Mexicargo
| IATA | ICAO | Call sign |
| GJ | MXC | Mexicargo |
- Founded: August 18, 1991; 34 years ago
- Commenced operations: February 1996; 30 years ago
- Ceased operations: c.2000; 26 years ago
- Fleet size: See Historical fleet details below
- Destinations: See Company history below
- Headquarters: Mexico City, Mexico
- Key people: Marco Mediola (founder)

= Mexicargo =

Mexicargo was a cargo airline based in Mexico City.

==Company history==
Mexicargo was founded on August 18, 1991, by Marco Mediola and began flights in February 1996 using a Boeing 727-225F. The airline operated cargo flights between Mexico and the United States. It is unclear when the airline ceased operations, but the last two Boeing 707 were seen at Mexico City airport in 2000.
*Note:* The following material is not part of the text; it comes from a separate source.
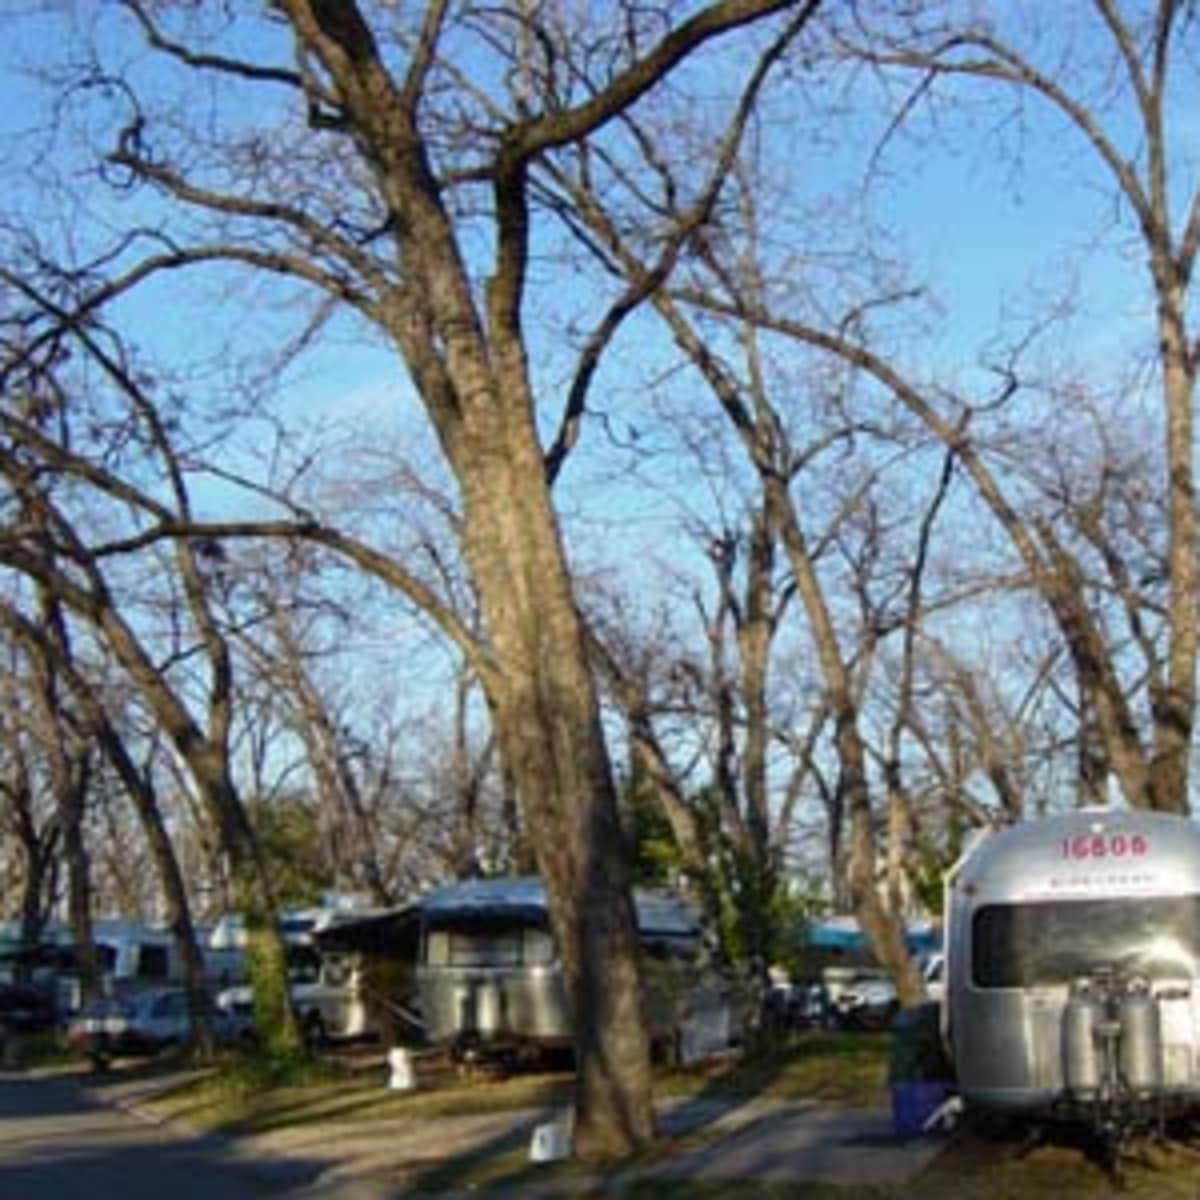 Austin_photo: places_outdoors_pecan grove rv park_trailers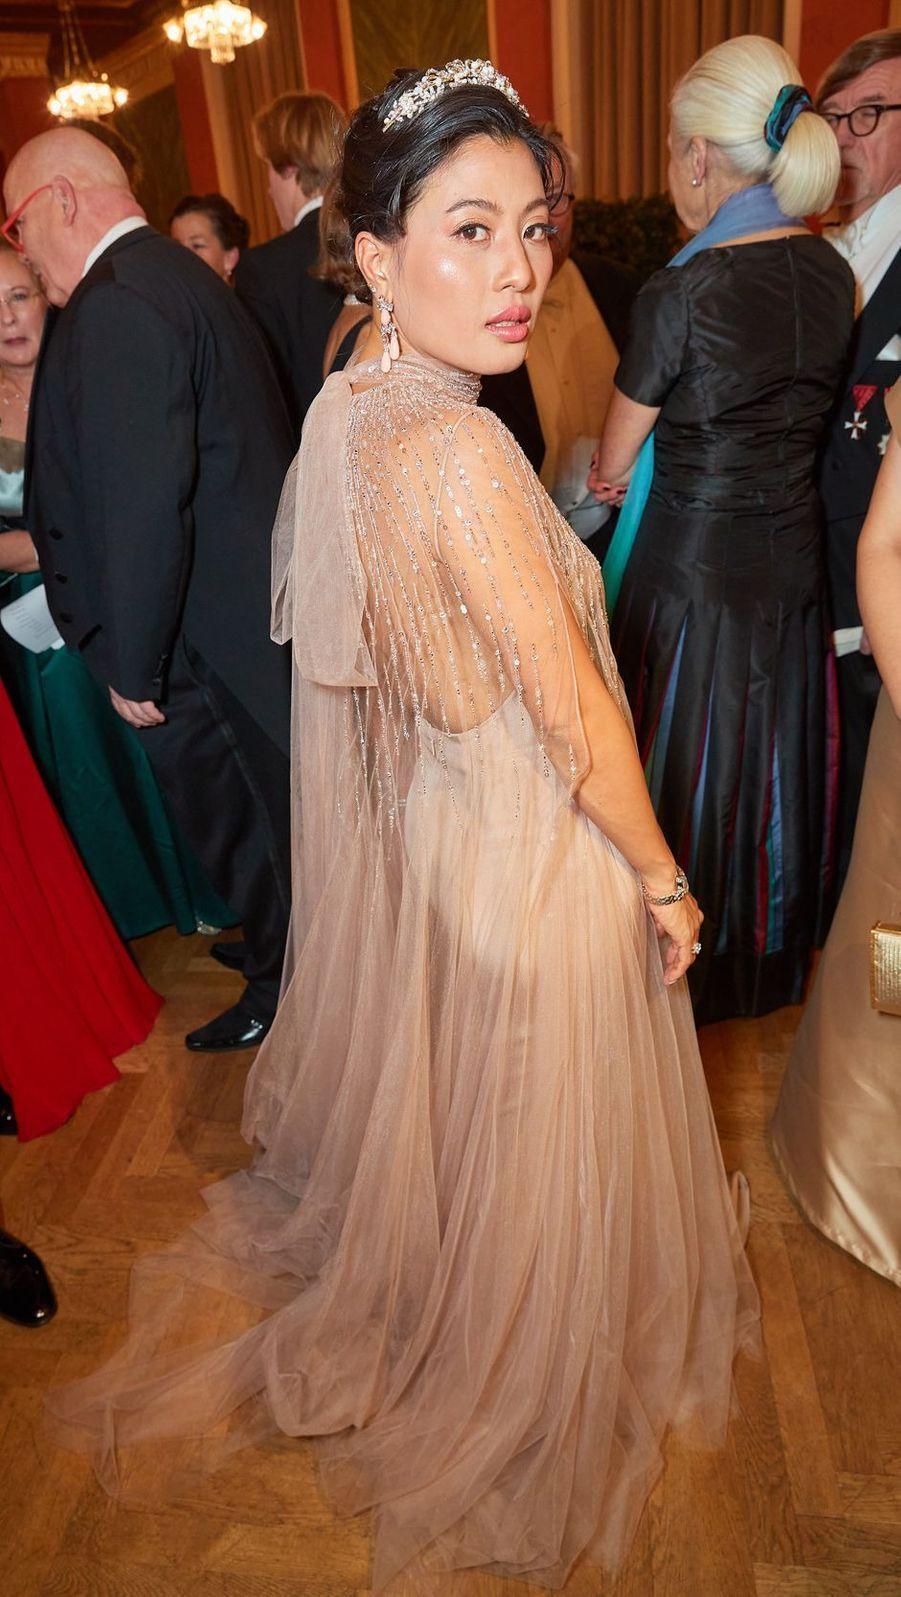 La princesse Sirivannavari Nariratana de Thaïlande à Vienne, le 23 janvier 2020

Cities served in 1997 were: Guadalajara, Hermosillo, La Paz (Baja California del Sur), Mexico City and Tijuana in Mexico. Miami and San Antonio in the United States.

==Historical fleet details==
- 3 - Boeing 727-225F
- 1 - Boeing 707-323C
- 1 - Boeing 707-347C
- 1 - Douglas DC-9-15RC

not all aircraft were operated at the same time.